Лучше бы я, а не Лотти, заразилась чесоткой от Леонарда; это единственное мое предложение касательно проблемы вшей, которая не покидает наши мысли, портит утро и отравляет спокойствие после чая. По словам Фергюссона87, вши начинают двигаться в своих логовах, когда им тепло. Пока улучшений нет, но, насколько я поняла, инфекции тоже. Какова, однако, сила воображения! Я могу представить и почувствовать зуд в любой точке своей огромной поверхности кожи и начать чесаться. Этим и занимаюсь сейчас.
Каждое утро с полудня до часу я читаю «По морю прочь». Не бралась за него с июля 1913 года. Спроси мое мнение о романе сейчас, я бы ответила, что не знаю – какое-то шутовство в нем и сплошные заплатки на скорую руку; то простота и суровость, то легкомысленная банальность, то божественное откровение, то сила и свобода, о которых можно только мечтать. Бог знает, что с этим делать. Недостатки настолько ужасны, что мои щеки горят от стыда; потом вдруг какой-то поворот предложения, взгляд вперед, и щеки горят уже по другой причине. В целом мне нравится ум молодой женщины. Как доблестно она преодолевает препятствия! Боже мой, какой писательский талант! Я мало чем могу ей помочь и, очевидно, предстану перед потомками автором дешевых острот, умной сатиры и даже довольно грубых вульгаризмов, которые будут мучить меня и на том свете. И все же я понимаю, почему люди предпочитают его роману «День и ночь»; не скажу, что им сильнее восхищаются, но его находят более галантным и вдохновляющим произведением.
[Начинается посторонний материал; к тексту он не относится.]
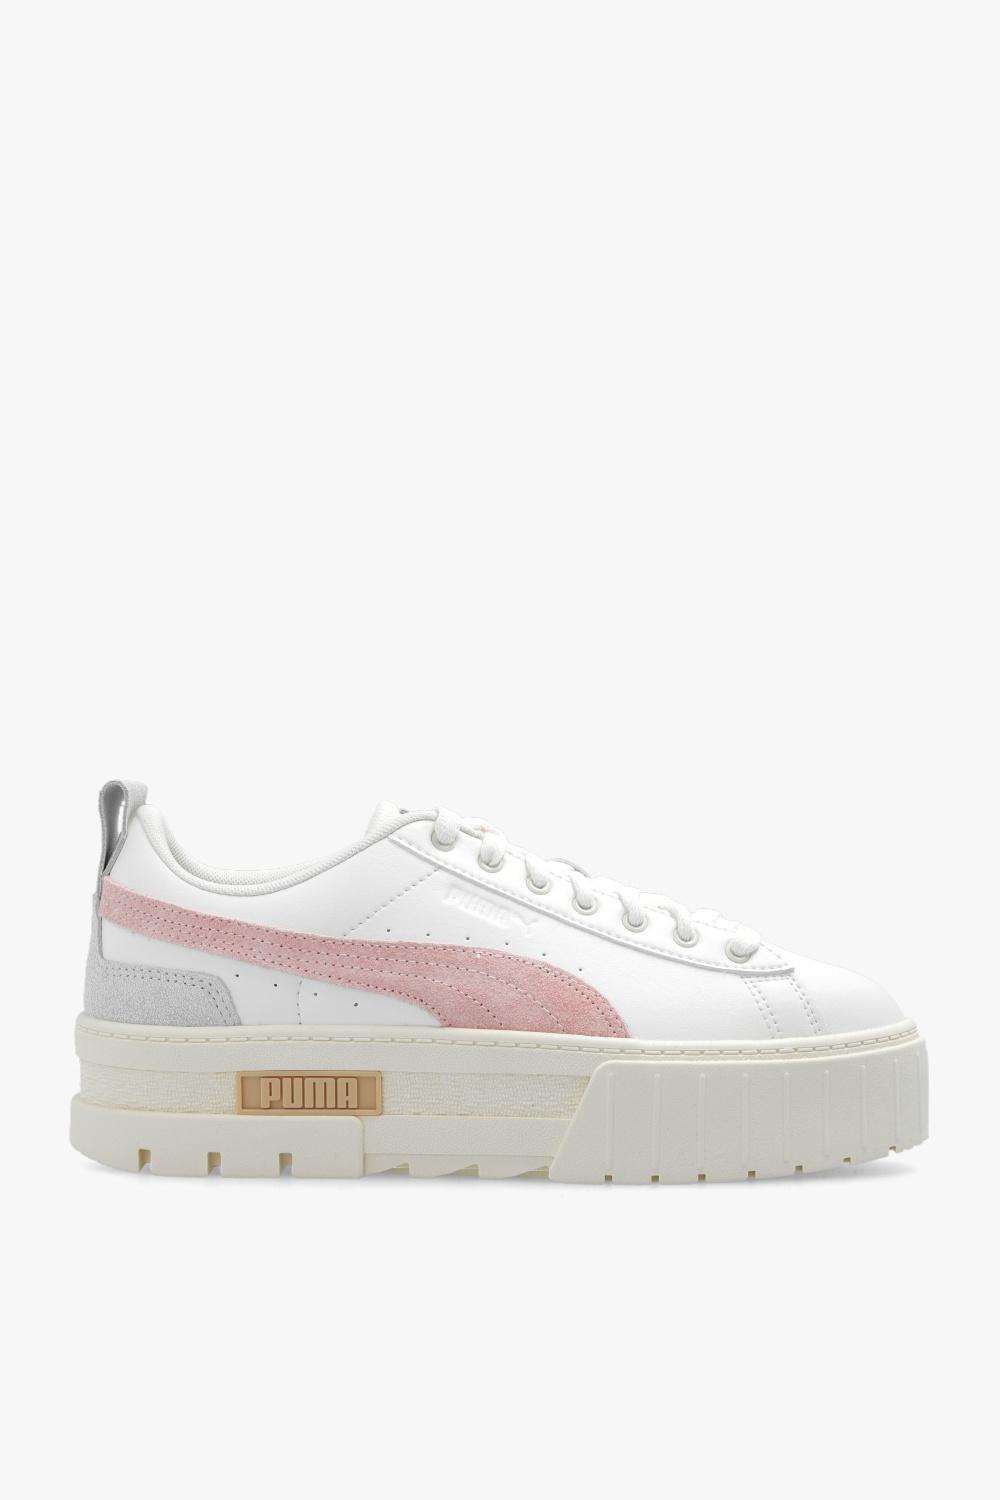 PUMA 'mayze Thrifted' Platform Sneakers in White | Lyst Canada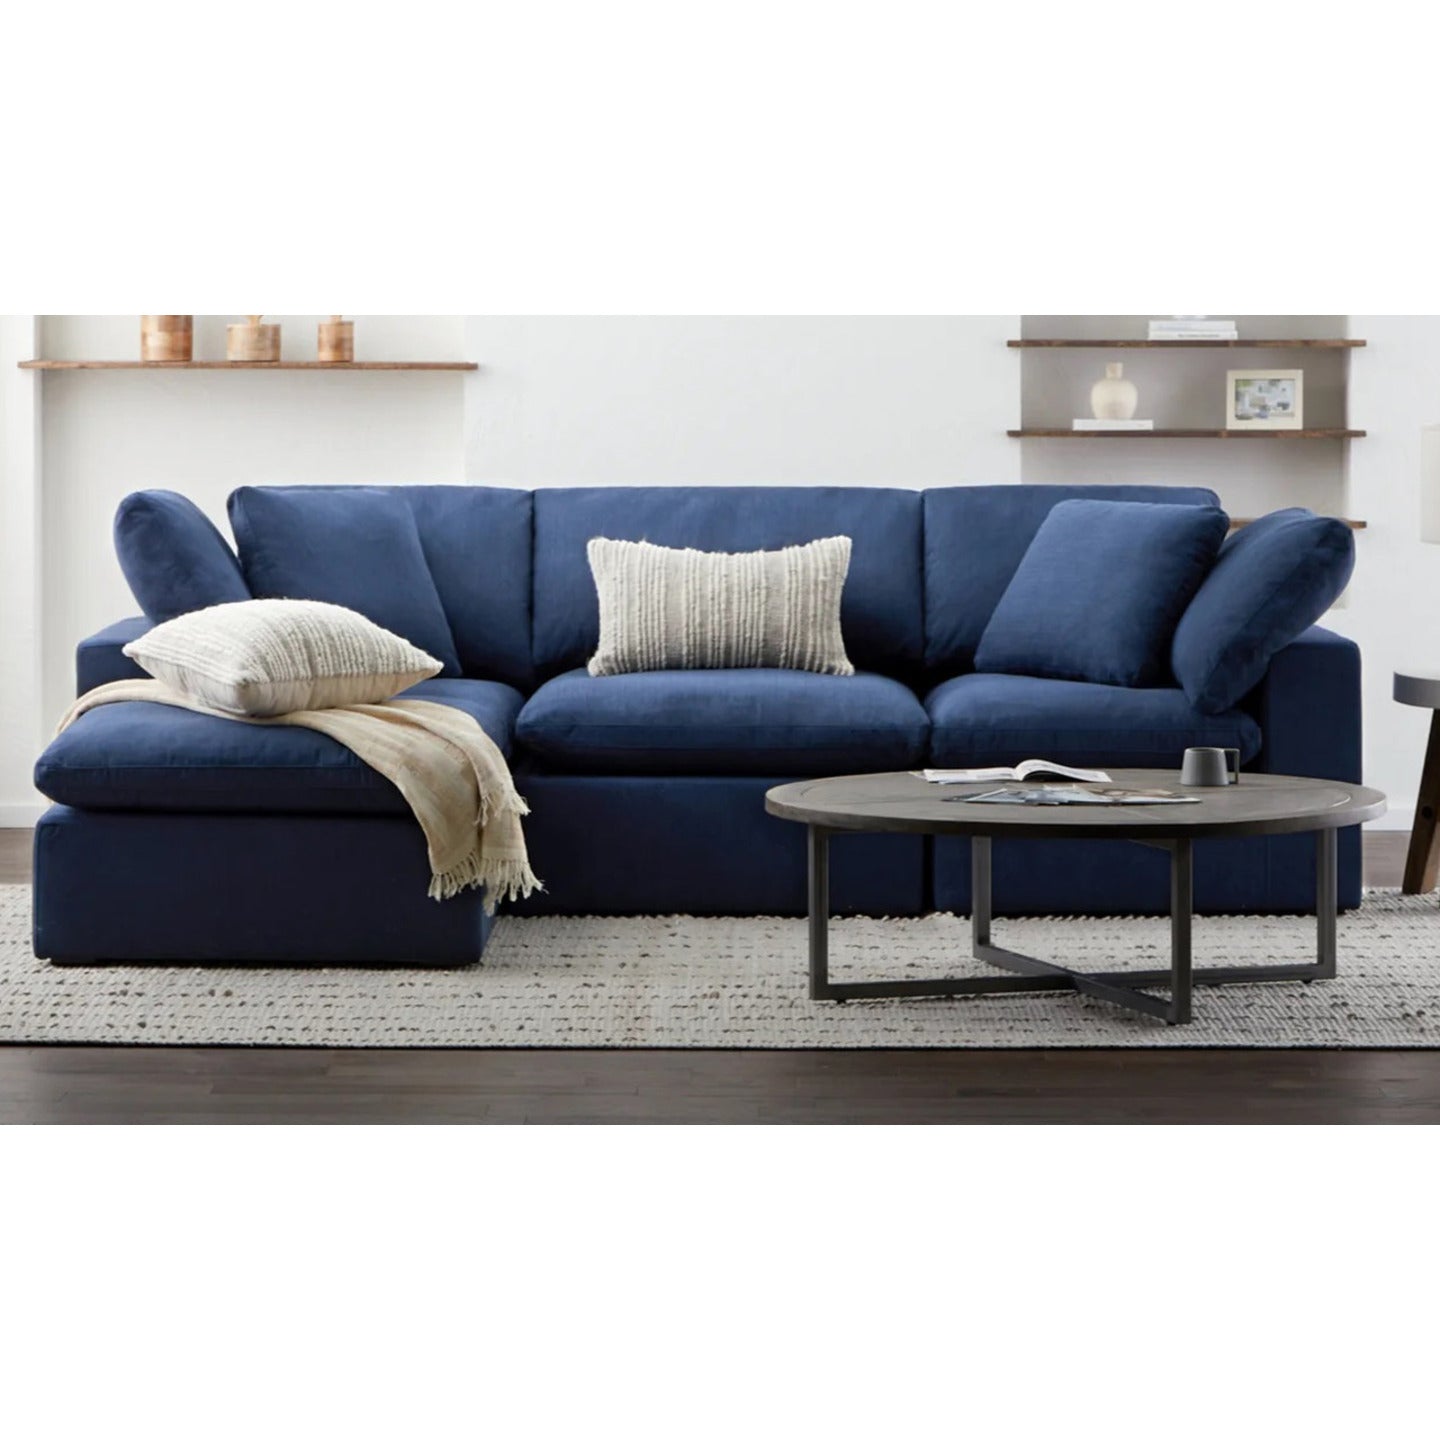 Haven 3 Seater Sectional Sofa With Ottoman, Navy Blue

Сегодня днем была у мадам Гравэ88 и увидела ее большой новый дом. Маман, бедняжка, с трудом держится. Сажаешь ее на табурет, а она слезает, потом снова хочет сесть; «вы ведь только сидели, маман, но слезли!». Потом она назвала меня жестокой – очень обидно. А во сне ее челюсть отвисает вниз, как у мертвеца. Старческий маразм. С ней говорят просто и даже нежно, пока мы бродим по дому, рассматривая мебель. Мне нравится ее ребячество и неутолимое желание сшить для меня еще одно платье, которое якобы будет готово через неделю, хотя она не может закончить то, когда-то начала.
13 февраля, пятница.
Опять много пропусков и опять оправдания. В течение некоторого времени наше спокойствие заметно нарушалось людьми. Возраст, слава или возвращение к мирной жизни – не знаю, что именно влияет, но я в любом случае устаю от походов на чай и все-таки не могу удержаться от них. Сидеть взаперти, если можно этого не делать, – своего рода кощунство для меня. Возможно, так оно и есть; я же тем временем не пишу дневник и не читаю на греческом. В день частного показа Дункана89 был устроен званый обед в кафе «Royal»90: 12 гостей; все красиво оформлено; я в приподнятом настроении и одурманенная вином; причудливый ассортимент обычного и необычного. Пришла миссис Грант91 – женщина, все еще плывущая, словно якхта92, на волне зрелого очарования; были также Пиппа93, Адриан, Банни, Литтон94. Последний выложил £70 за одну из картин. Мейнард встал и сказал: «За нашу глубокую привязанность к Дункану». Полагаю, Дункан предпочел бы обойтись без суеты, и после обеда он ускользнул, оставив нас одних на выставке. Моя способность наполнять сцены своим иррациональным возбуждением абсурдна, и в таком состоянии я говорю больше, чем имею виду, вернее, говорю то, что думаю. Осматривая выставку вместе с Адрианом, я решила, что он подавлен, как человек, который сравнивает себя с современниками и осознает, наконец, свою неудачу. «Какие мы все выдающиеся!» – воскликнула я. И тут выяснилось (или мне это показалось?), что они с Карин чувствуют себя оторванными людьми, которых подвергли суровому экзамену, а ведь результаты, когда тебе больше тридцати пяти лет, вывешиваются на всеобщее обозрение. Повинуясь импульсу, я пригласила их на ужин и – предсказываю – почувствую себя ужасно виноватой, когда они придут. Тем временем я молчу, ибо мне нечего сказать о картинах Дункана. Они кружились в моей голове, как белое вино, которое я пила; такие прекрасные и восхитительные; их очень легко обожать. Однако я видела выставку лишь мельком, поскольку тут и там сновали хорошо одетые люди. Потом был чай с Роджером в «Burlington», прогулка с Мейнардом и слух о том, что продано уже 15 тысяч экземпляров его книги, но, к чести Кембриджа, он остается невозмутимым и более, а не менее скромен, чем раньше95.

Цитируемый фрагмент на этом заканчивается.